**Provided data:**
_ _ _ _ _ _ _
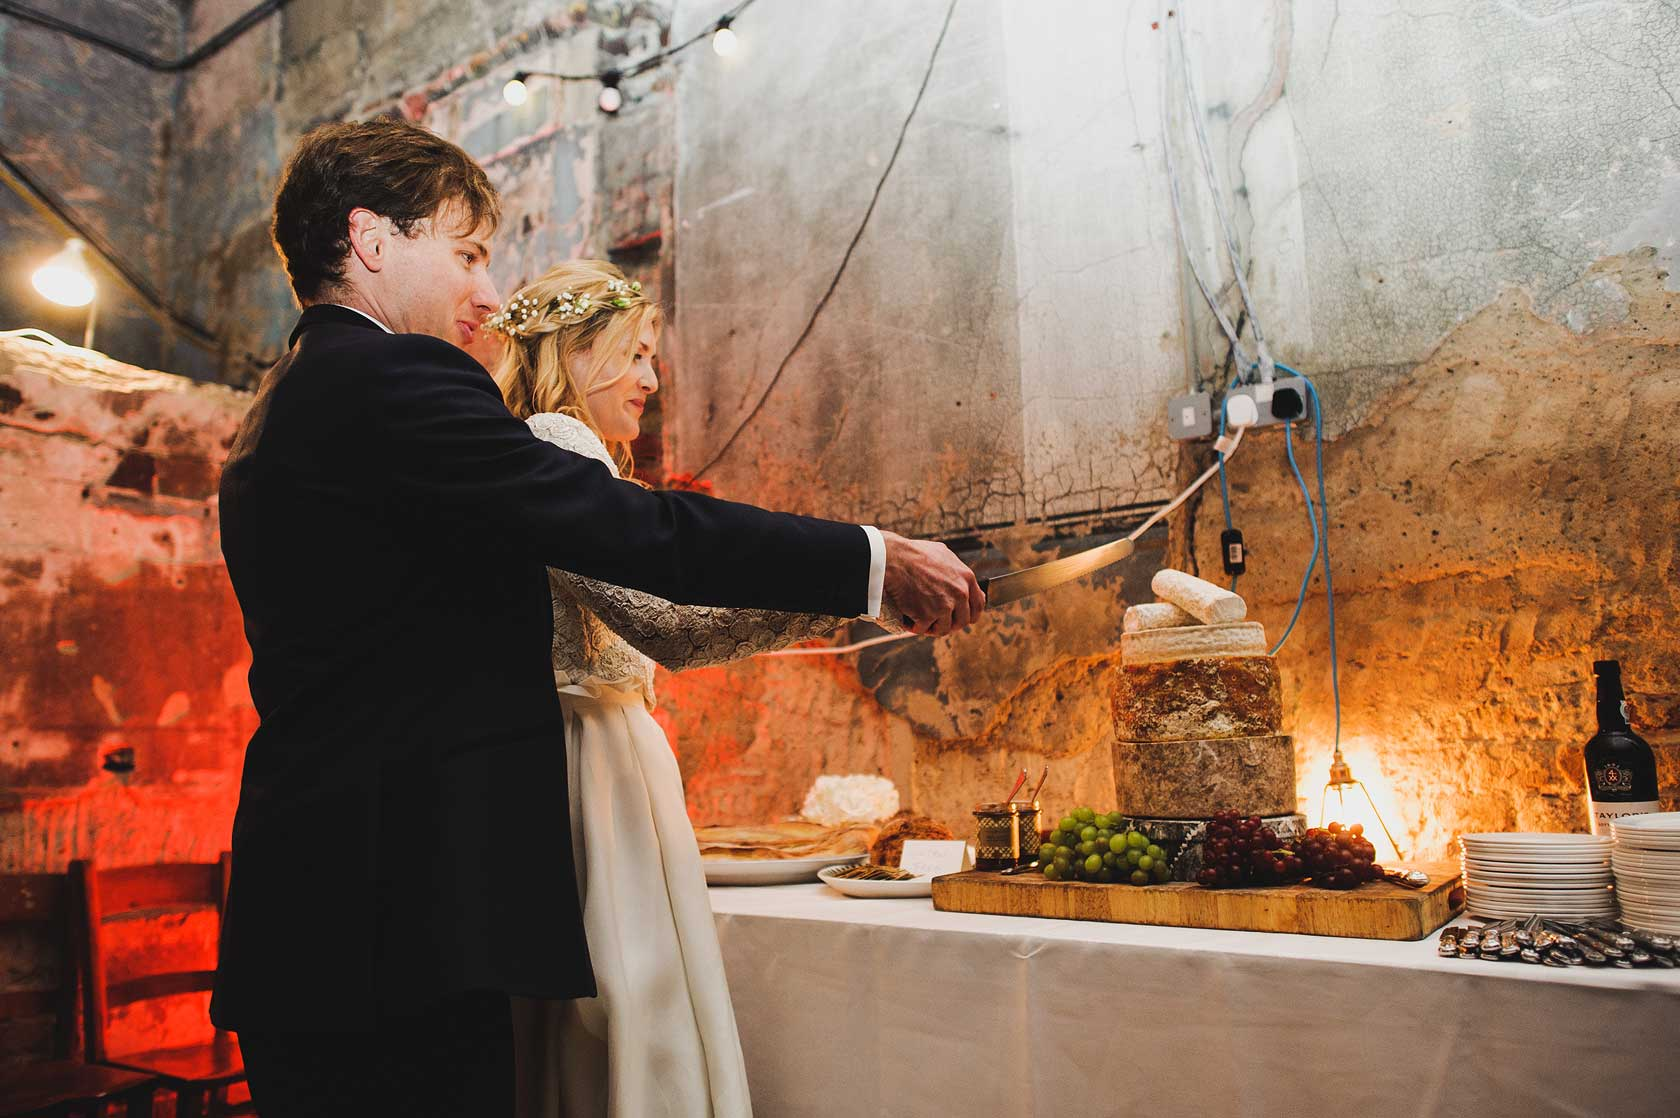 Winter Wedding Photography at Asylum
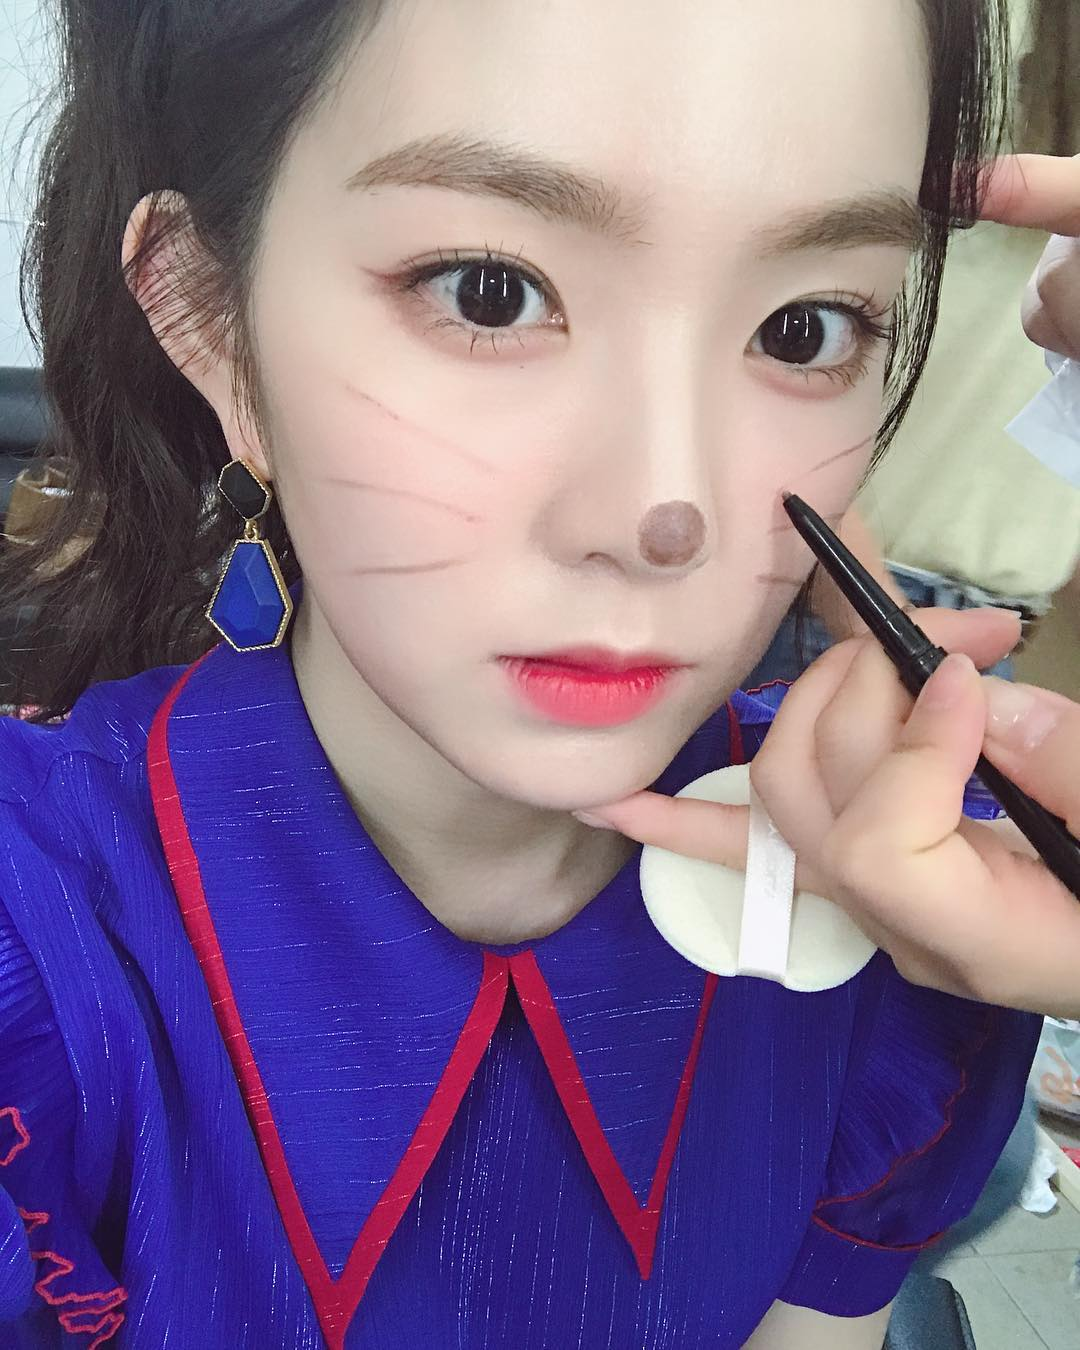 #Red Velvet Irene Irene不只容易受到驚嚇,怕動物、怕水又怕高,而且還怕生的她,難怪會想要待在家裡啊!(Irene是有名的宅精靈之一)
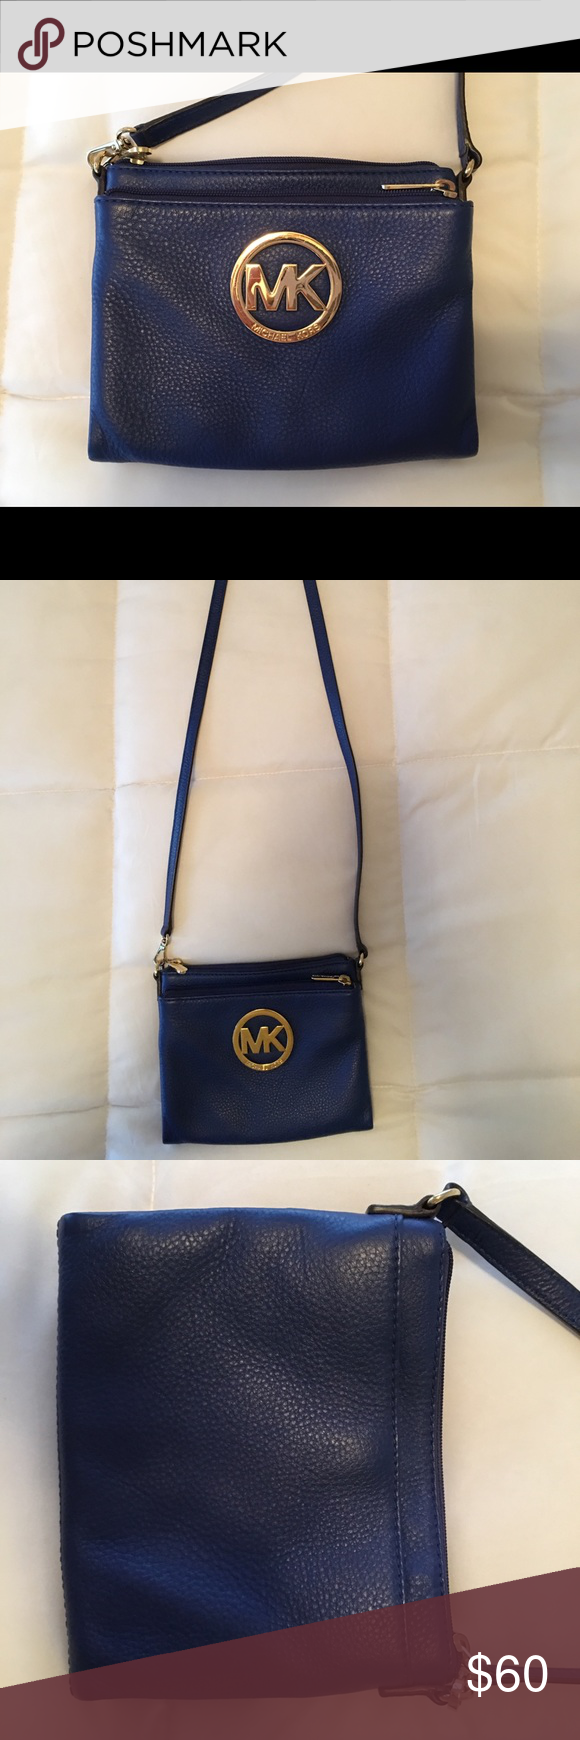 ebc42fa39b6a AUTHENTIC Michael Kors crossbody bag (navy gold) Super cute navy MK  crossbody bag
_ _ _ _ _ _ _
**Your task:**
Print the listing exactly, minus its pictures.

**Response box:**
 Winter Wedding Photography at Asylum
 #Red Velvet Irene Irene不只容易受到驚嚇,怕動物、怕水又怕高,而且還怕生的她,難怪會想要待在家裡啊!(Irene是有名的宅精靈之一)
 ebc42fa39b6a AUTHENTIC Michael Kors crossbody bag (navy gold) Super cute navy MK  crossbody bag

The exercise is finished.